The problem in America is a simple one, GUNS. I am sure many of us want a more complicated answer but the country keeps dancing around a simple issue, 42% of Americans purport to own one or more firearms. According to an article from Guns and America, the U.S. is 4% of the world’s population but owns about 40% of civilian-owned guns globally, according to a 2018 report from the Switzerland-based Small Arms Survey. Correspondingly, we shoot more people than any other developed nation. This is a simple cause-and-effect paradigm. Gun owners cite the current rising crime in America as the reason for purchasing guns but from 1993 through 2010 gun homicides dropped precipitously. Gun violence dropped 49 percent from the 1993 numbers during the first two years of the Obama presidency but gun purchases rose. Coincidentally or for reasons I will allow the reader to speculate, gun purchases increased following the election of America’s first black president.

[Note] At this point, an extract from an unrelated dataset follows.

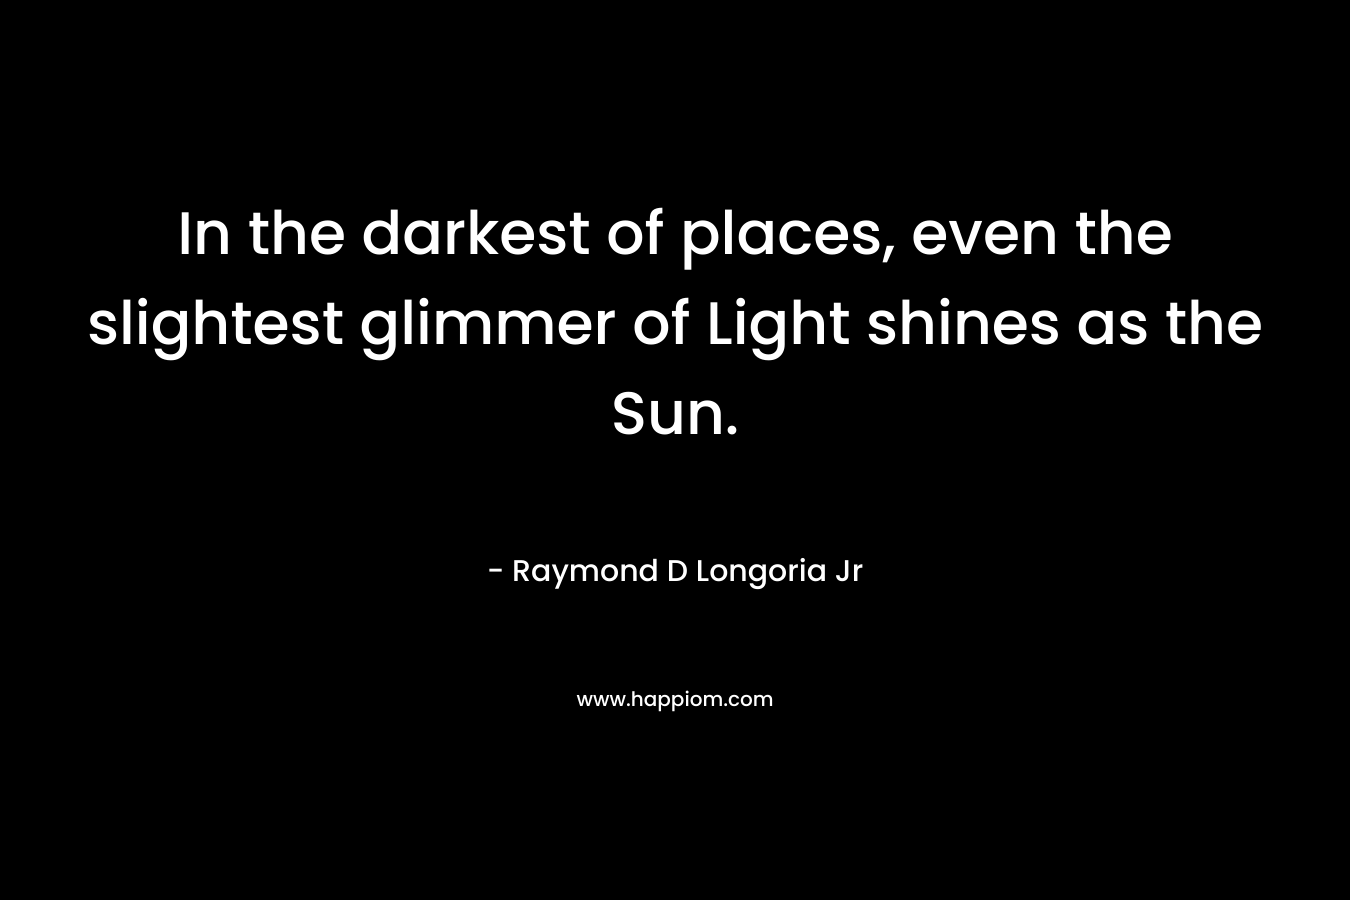 In the darkest of places, even the slightest glimmer of Light shines as the Sun.
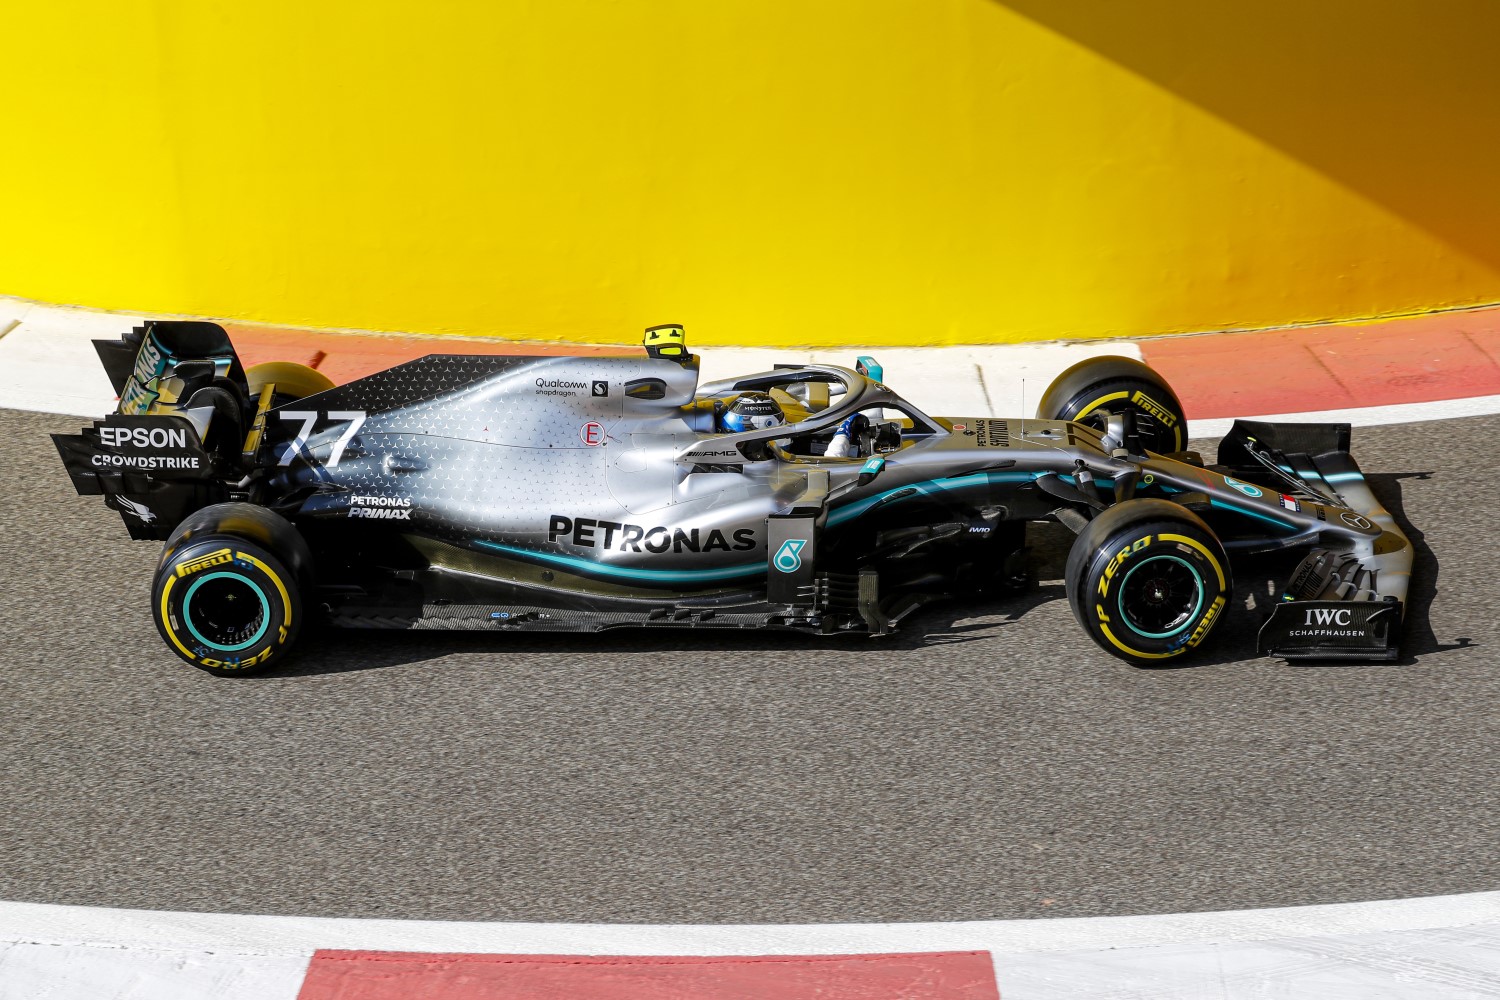 More processing power for Mercedes team

At first, I believed that the problem was men missing their GI Joes with the Kung-Fu grips, but just recently the influx of more women buying guns is alarming. As a black man, I am not opposed to women of any color defending themselves and their families. In today’s climate of white supremacy and police killings, I fear that people of color are being persuaded into making themselves so-called legally justifiable targets.
“Don’t get shooted”
J.J. Hill Montessori Magnet school nutrition supervisor Philando Castile was driving his girlfriend, Diamond Reynolds, along with her 4-year old daughter and was pulled over by Officer Jeronimo Yanez at 9:05 pm July 6, 2016; 62 seconds later he uttered his dying last words, “ I wasn’t reaching for it.” Mr. Castile was a licensed gun owner who died because he was not allowed to exercise his rights to carry. If you read the account of the story and believe the words of Ms. Reynolds, through the shouts of Officer Yanez, Mr. Castile was trying to say he was reaching for his licenses and insurance, not his gun, after being instructed by the officer to produce them. Castile was shot seven times at close range with Ms. Reynold and her daughter in the line of fire. Traumatized and splattered in her fiancé’s blood Diamond Reynolds was placed in the rear seat of a police car with her 4-year-old who attempted to soothe her mother with the words, “ I don’t want you to get shooted.”
Officer Yanez was eventually acquitted of all charges. In essence, Mr. Castile was his legal target. I love in the heart of Philadelphia and guns will not save black America and black womanhood or black childhood will not dissuade an officer.